Note: To re-annotate an already annotated PPI network, please, reset the parameters using the homonym button

Datasets benchmarking tab

Dataset benchmarking tab presents the results of a custom datasets benchmarking process that is implemented to facilitate the user in the selection of the most “interesting” datasets to work with.

The basic concept of the applied strategy is to interrogate all transcriptomic datasets using a set of seven metrics, post to datasets/comparisons separation based on species and technology (microarrays/RNA-seq). For each of the dataset/comparison groups we shape a per metric distribution and each dataset receives a star for every metric value lying within a pre-specified range of the respective metric.
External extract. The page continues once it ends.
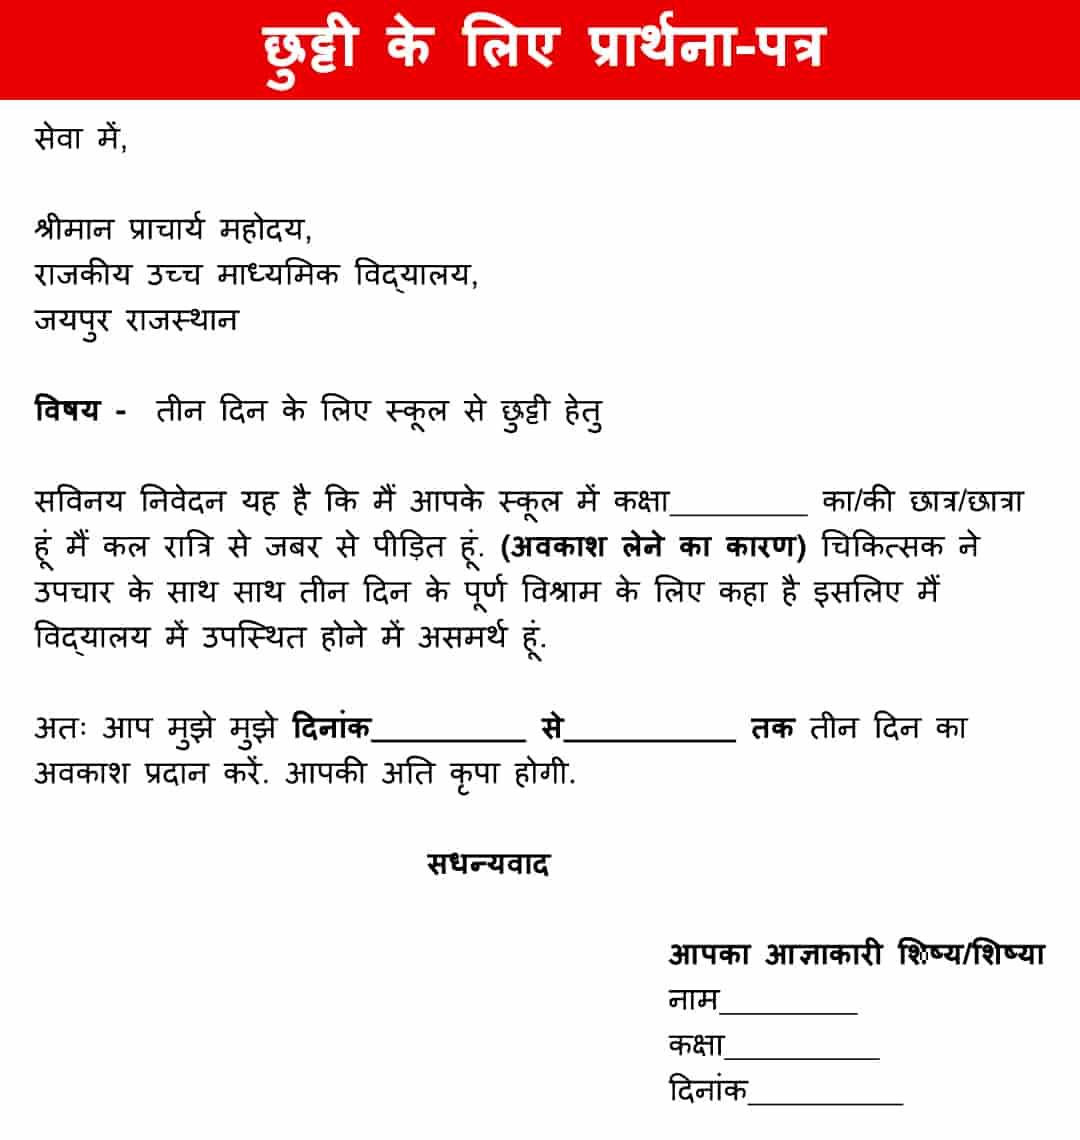 Chutti ke Liye Application in Hindi

The bigger number of stars a dataset has collected, namely the more metric values were found within the range, the more “trustworthy” it is considered.

The seven metrics along with the pre-defined ranges in which a dataset receives a star are:

Metric Range
1. Number of detected genes Median to 90th percentile
2. Number of differentially expressed genes Inter-quartile range
3. Representation of a number of already known
pro-fibrotic genes among the differentially Above the median
expressed ones
4. The number of differentially expressed genes
falling in each of three absolute FC bins: Inter-quartile range
low (1.2,2) , intermediate [2,5) and high [5,)
5. Up/Down differentially expressed genes ratio Inter-quartile range
6. The area under the p-value curve Inter-quartile range
7. The area under the adjusted p-value curve Inter-quartile range

Download data tab

Normalized gene expression data and preomics differential expression data can be downloaded from the drop-down menus of the Download data tab using the ID of each dataset. The latter can be reviewed via the Transcriptomic datasets > Datasets and Proteomic datasets > Datasets tables of Dataset explorer, respectively.